What is being asked
No image is to be carried over; reproduce the rest of the listing word for word.
*** Data provided ***
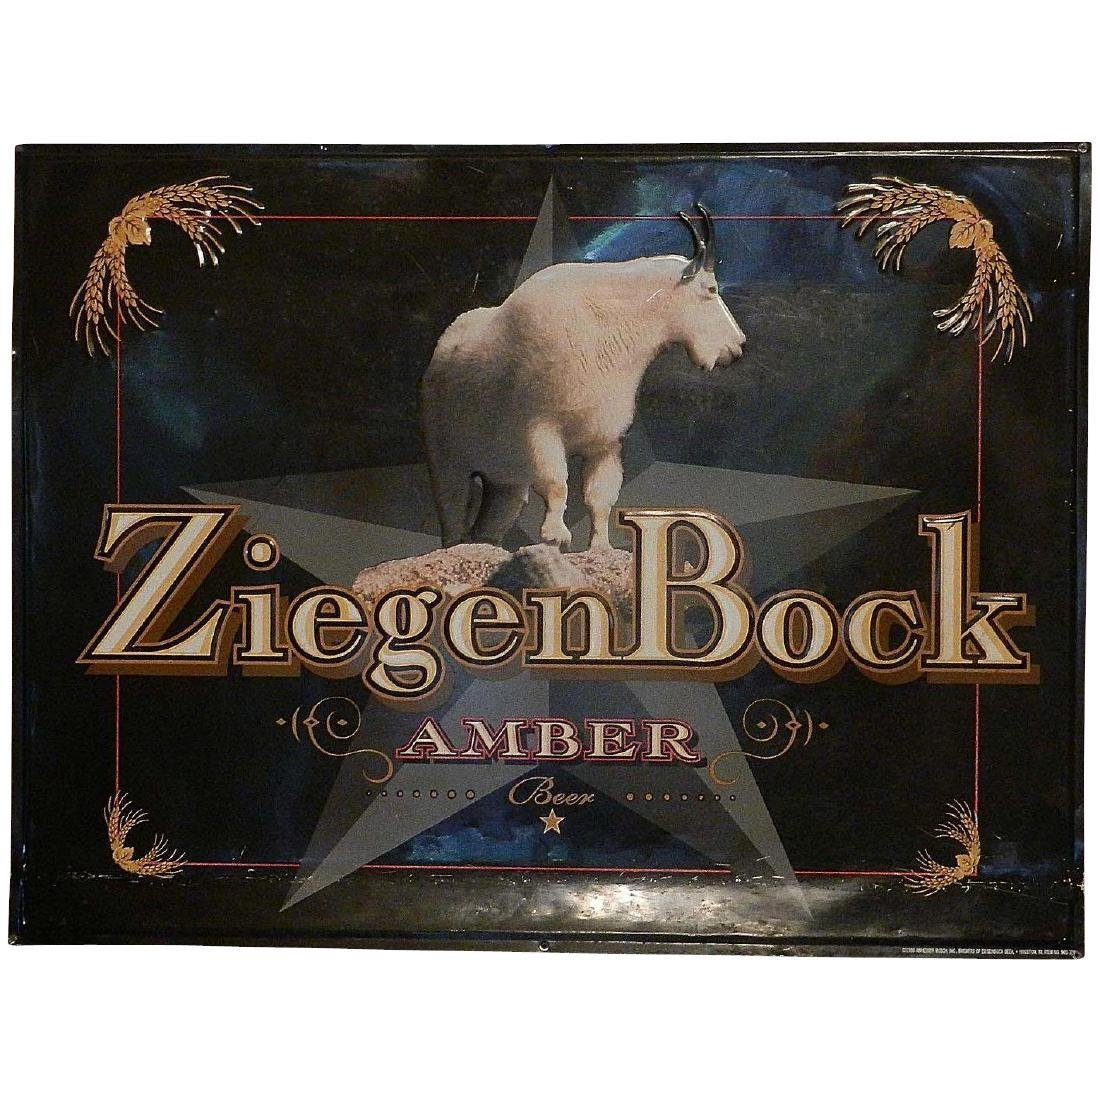 Vintage ZiegenBock Amber Tin Advertising Sign
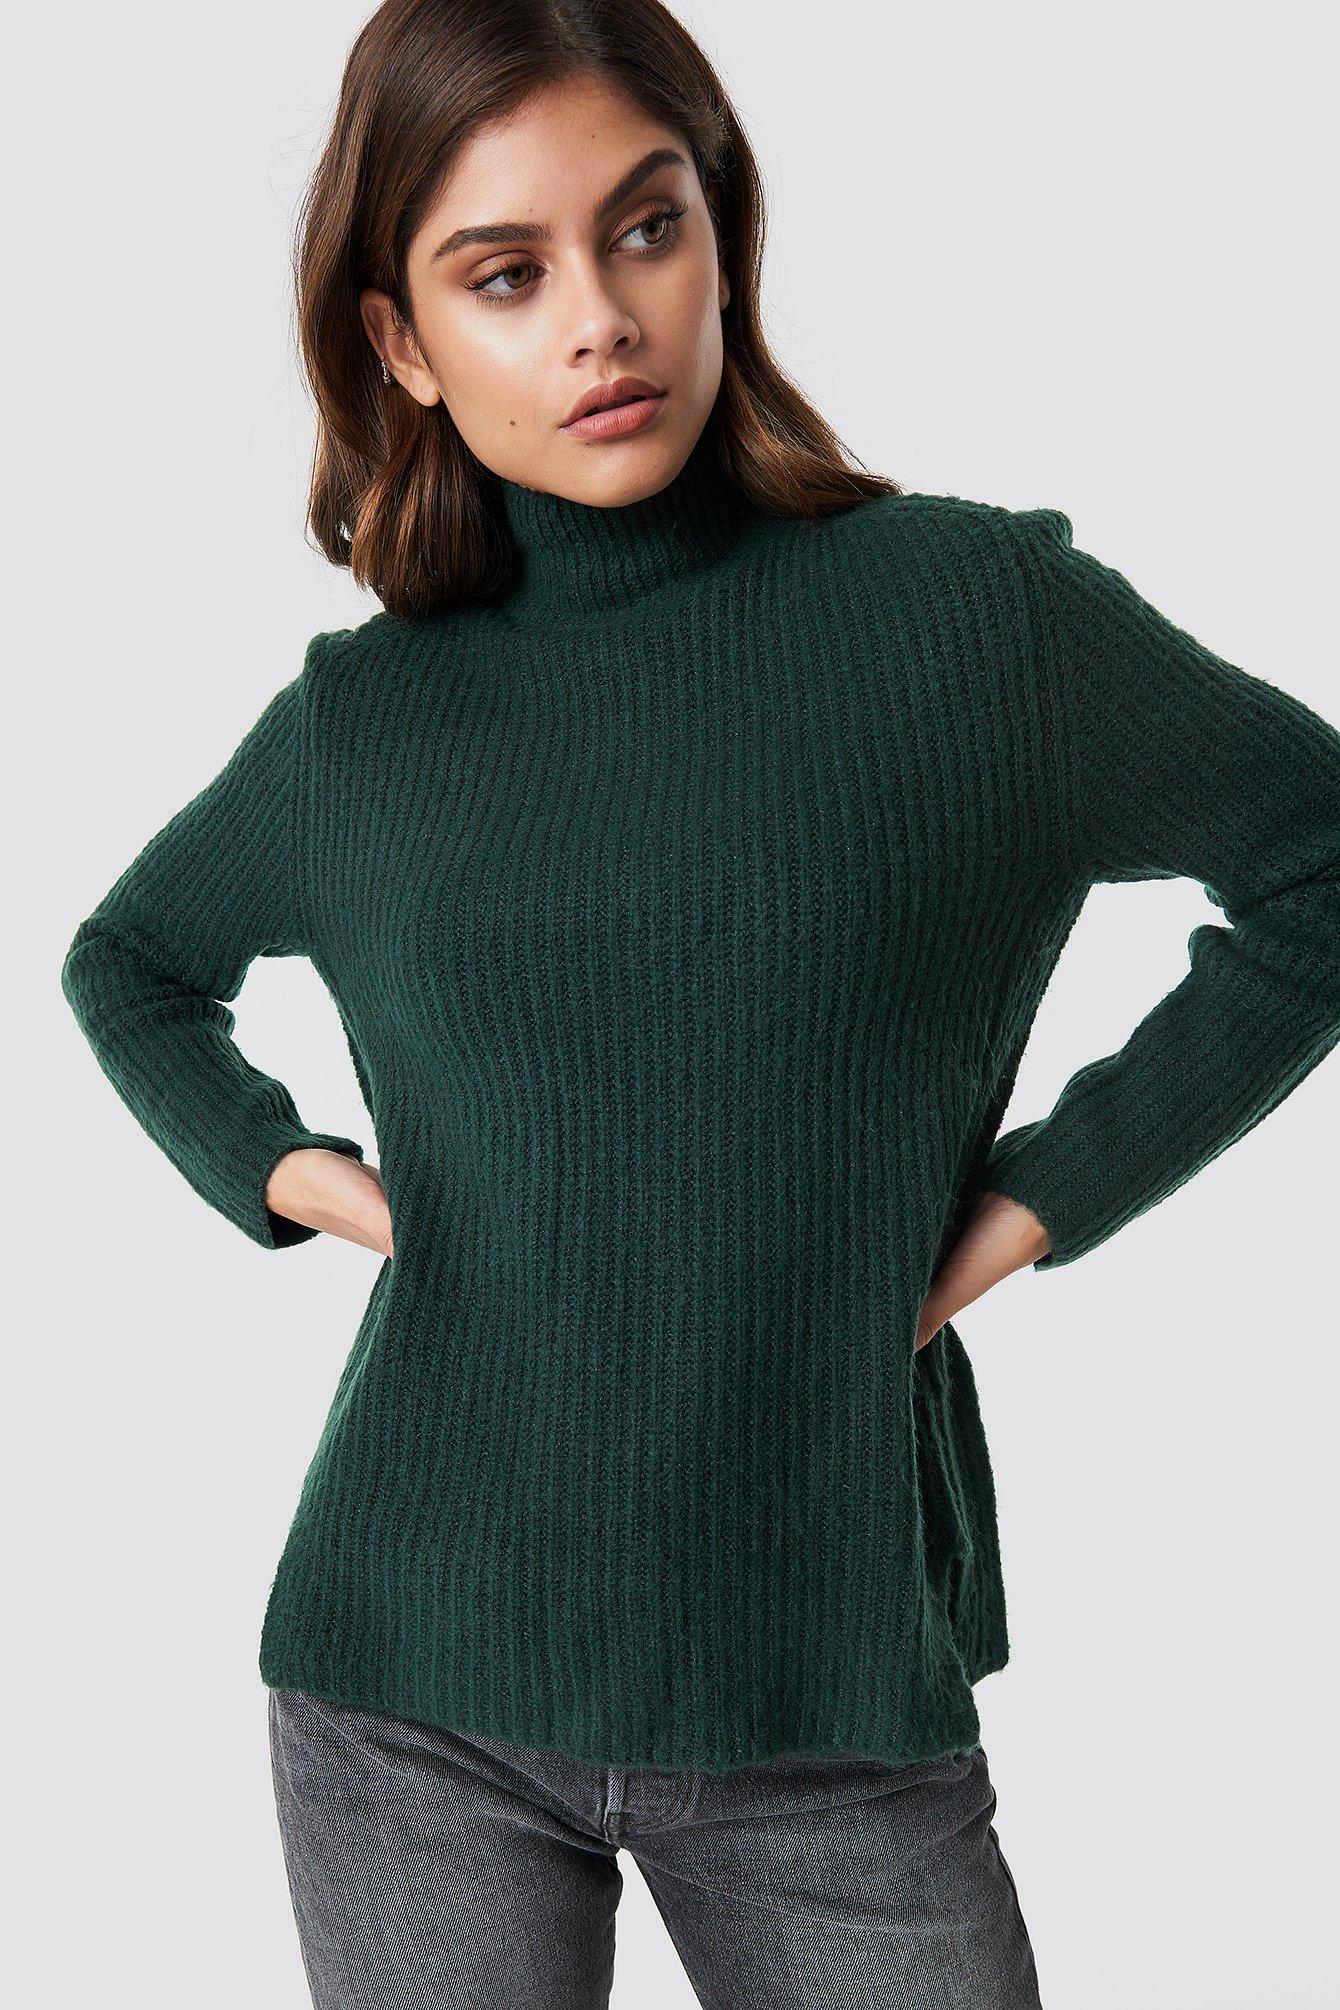 rut&circle -  Marielle knit - Green
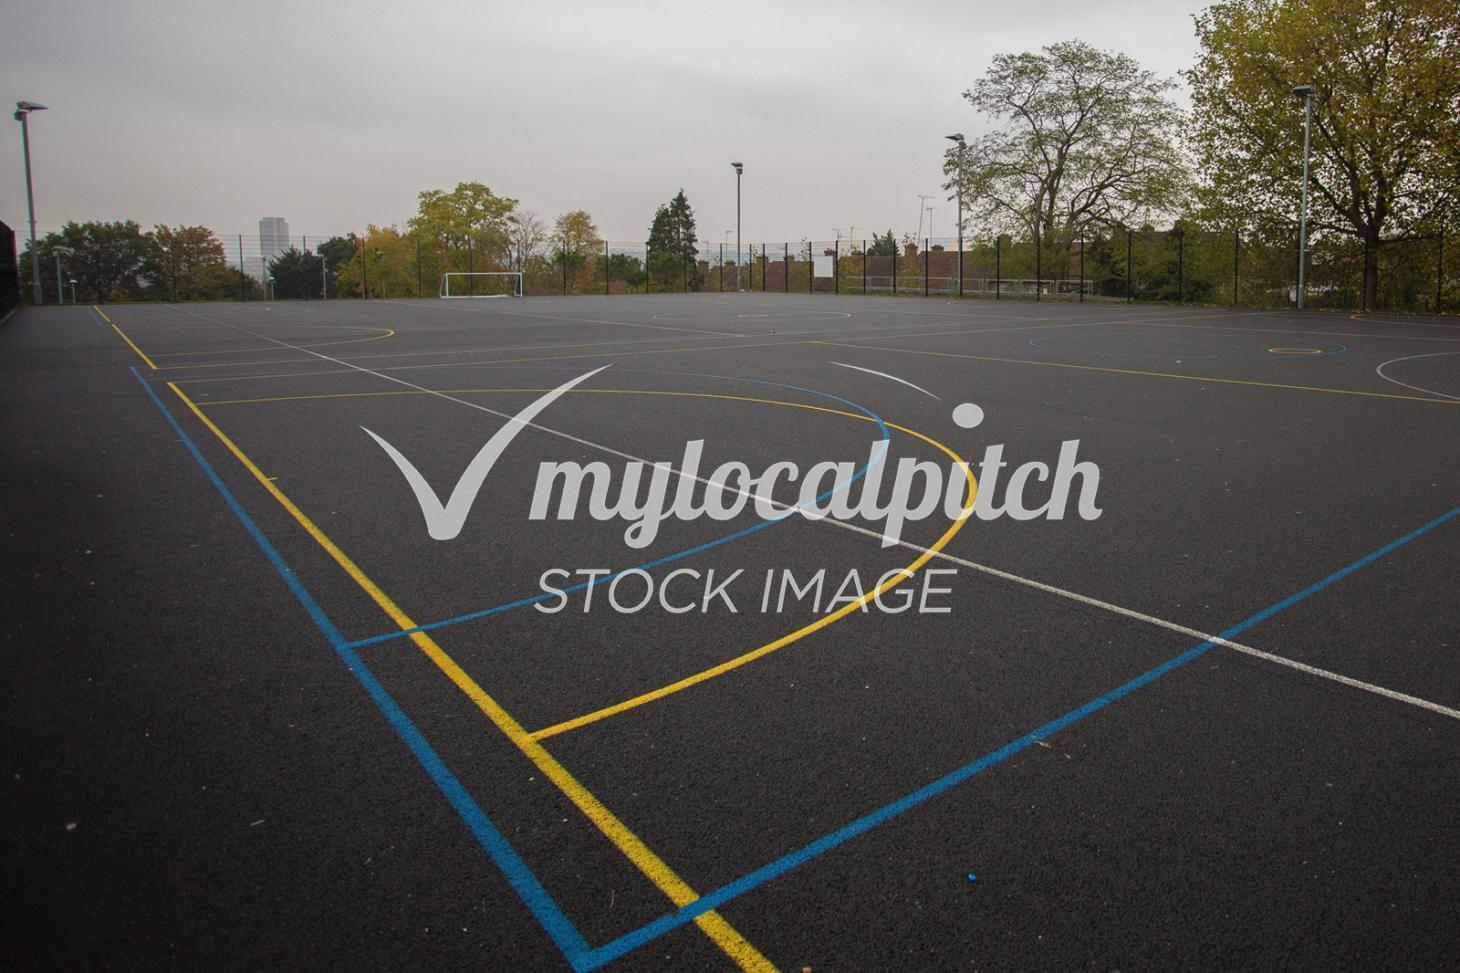 Gladstone Park Outdoor | Concrete netball court
*** End of Data provided ***
Completed task
 Vintage ZiegenBock Amber Tin Advertising Sign
 rut&circle -  Marielle knit - Green
 Gladstone Park Outdoor | Concrete netball court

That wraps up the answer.